На краю - [24]
— портретов Дмитрия Донского, Пересвета. Осляби.
(…это Вербин подбегает к Старой площади).
…Но вот, наконец, он добежал и до… самого себя — занятый, везде, кроме своей науки, опаздывающий, все из-за нее отодвинувший на вторые, третьи планы, взмыленный Вербин, спешивший в течение всей своей жизни в свою лабораторию с гениальной идеей в голове и потому ничего не замечающий вокруг себя, ничего не помнящий Вербин встретился с Вербиным, ничем не занятым, праздно убивавшим время здесь, на Старой площади, среди толпы таких же, как и он, не занятых ничем людей.

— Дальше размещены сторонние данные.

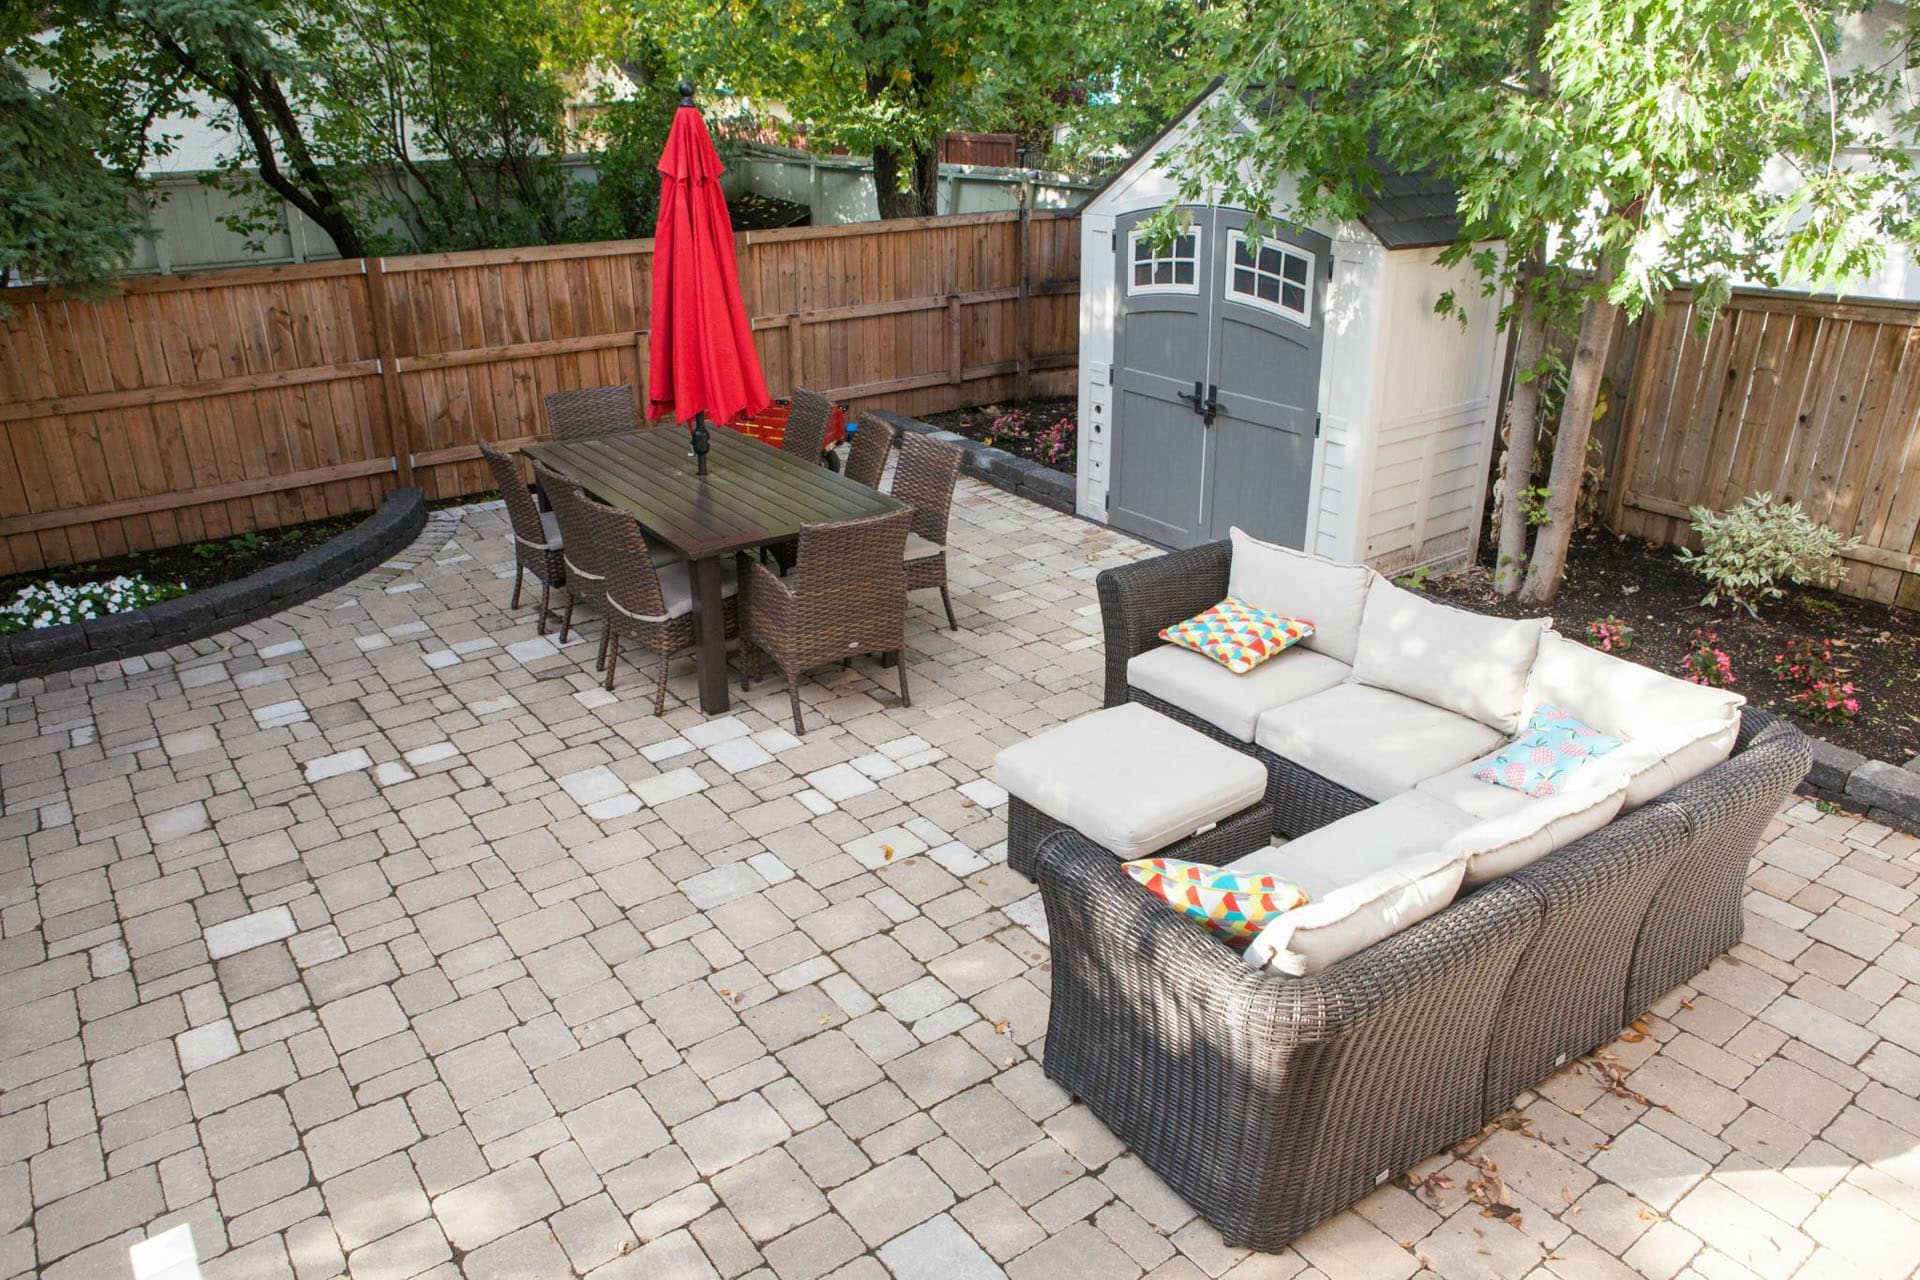 Brick patio and planting beds with outdoor furniture.

Вербин Ученый презрительно посмотрел на Вербина Зеваку и, по-видимому, не признав в нем самого себя, понесся дальше.
Зато Вербин Второй сразу узнал Вербина Ученого — куда ему было торопиться! Может быть, Первый из них и подумал на ходу, на бегу: «Какое-то знакомое лицо, фигура…» Но Первый, как всегда, спешил — его ждали оставленные им дела, которых было слишком много, чтобы уделять внимание своей собственной персоне.
Скорее! Скорее!
…А может быть, он только делал вид, что не узнал себя? Может быть, ему даже и хотелось остаться там, на площади, и поговорить с самим собой — с тем, Вторым? — да как представил себе, что его двойник — этот человек с опытом — начнет канючить про «загнанных лошадей, которых… брр; про необходимость, наконец, начать разбираться в людях, поменьше доверять им. Фу!., про то, что надо побольше помалкивать и не разбалтывать своих идей, не разбрасываться ими… О!., про то, как надо вести себя, чтобы не вызывать к себе зависти, неприязни, раздражения… Чудак!.. Про то, что лучше среди людей казаться простачком-дурачком, что якобы они — люди — таких жалеют и не «трогают». Про то, что чем выше взбираешься, тем больнее будет падать, что тише едешь — дальше будешь… Словом, про всякую чушь… Да ну его…» — мог подумать Вербин Ученый и побежал дальше по срочным и неотложным делам своей гениальной Идеи.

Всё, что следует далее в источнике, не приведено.